The Bank of England will announce the monetary policy decision of the MPC meeting today. We expect the MPC to vote 7-2 in favor of maintaining the bank rate at 0.50% – a repeat of the May vote – with Ian McCafferty and Michael Saunders continuing their dissent in favor of an immediate 25bp hike. The meeting is likely to be uneventful, with a majority of MPC members wanting to wait for more data ahead of the August Inflation Report, when a more thorough assessment will be made.
Back in May, the MPC judged that the weakness in the first quarter of 2018 GDP was likely a “temporary soft patch,” but a majority of MPC members wanted to wait to see how the data unfolded over subsequent months for confirmation that growth had picked up in the second quarter of 2018 before sanctioning a hike.

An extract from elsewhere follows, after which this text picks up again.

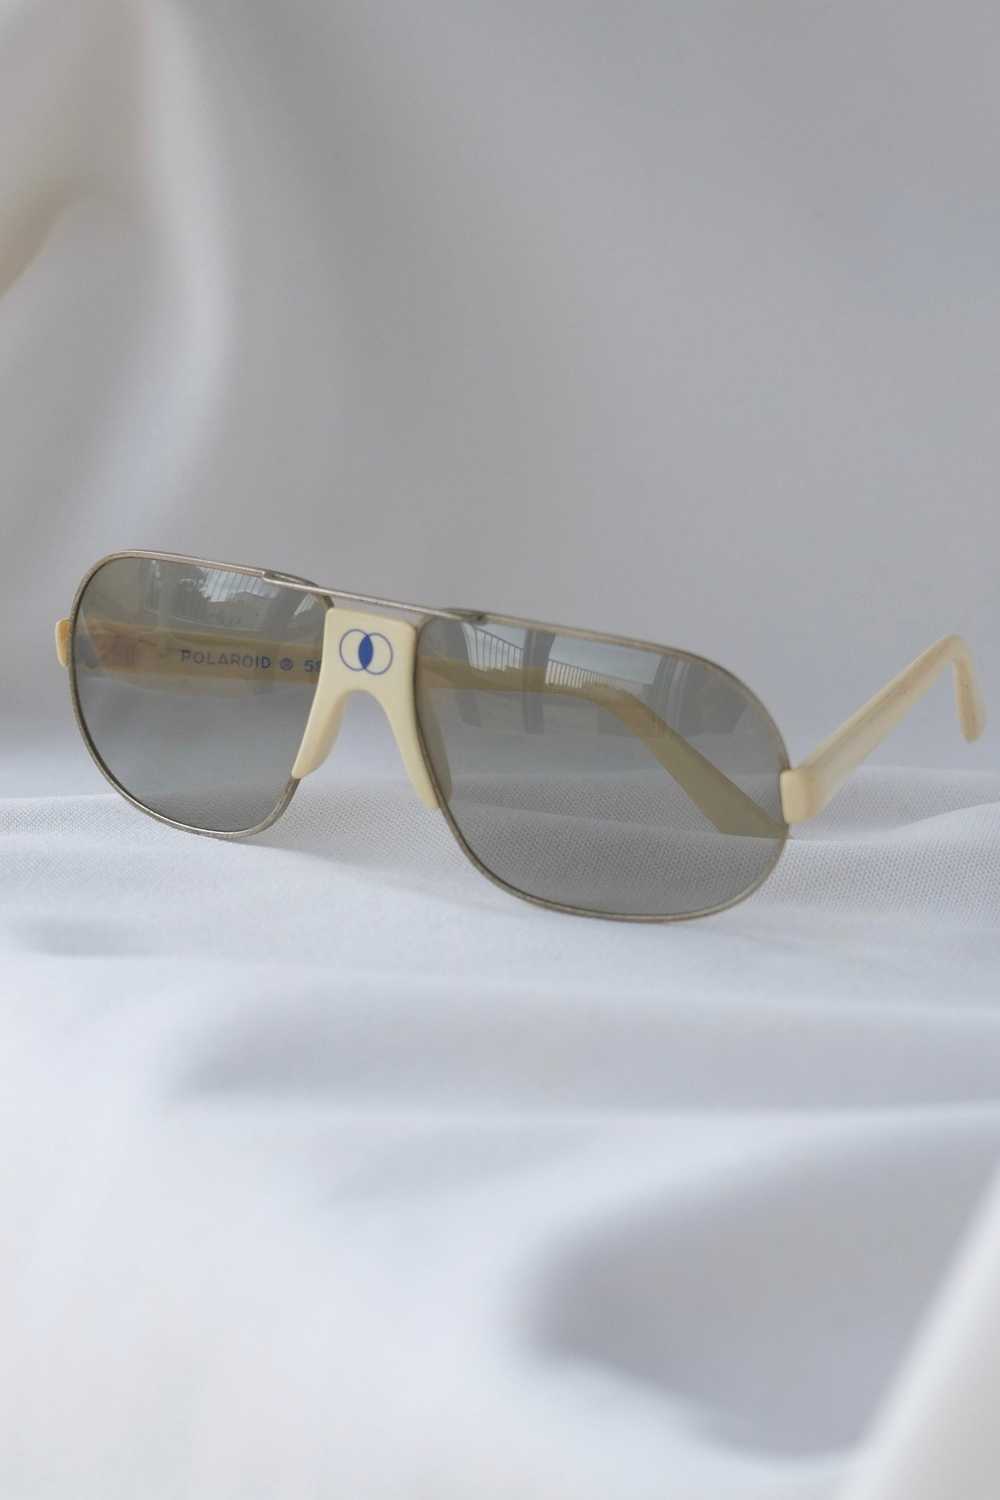 POLAROID 70's Rectangle Sports Sunglasses - image 2

Data releases since then have been mixed. On growth, the jury is still out on how much of the weakness in the first quarter of 2018 is temporary. Headline PMIs rose, with the composite PMI rising 1.3 points to 54.5 in May, but the details were weaker. The “hard” activity data for April was mostly weak, with industrial production, manufacturing, construction and the trade balance uniformly disappointing. There was some better news on consumption: net consumer credit recovered in April (to GBP +1.8bn – above its six-month average – after the very weak GBP +0.4bn in March), retail sales rebounded (+1.3% mom and +1.8% mom in May and April, respectively, after the weather-induced fall of 1.1% mom in March) although some temporary factors were responsible, and consumer confidence improved slightly in May (to -7 from -9). Set against this, however, the housing market showed further weakness.
On inflation, the headline CPI rate was unchanged at 2.4% yoy in May, in line with the projection in the BoE’s May Report. Core inflation was also unchanged at 2.1% yoy. The labor market report for April was mixed, with strong employment growth offset by the renewed weakness of wage growth. Indeed, the three-month-on-three-month private sector regular pay growth measure has been languishing at 2.3% annualized for three consecutive months, down from 3.5% in November 2017. Since January -April is the key wage-setting period in the UK, the weakness is likely to endure.
On 10 May, the BoE Governor Mark Carney said, “It’s likely over the course of the next year that interest rates will go up, likely by the end of the year.” However, the majority of members have been less committed on timing. Silvana Tenreyro said on 4 June, “While I anticipate that a few rate rises will be needed over the three-year forecast period, the timing of those rate rises is an open question.”
While the MPC continues to judge that “gradual and limited” rate rises will be needed over the forecast period, we think that BoE is likely to remain on hold until November, given dovish stance of the ECB.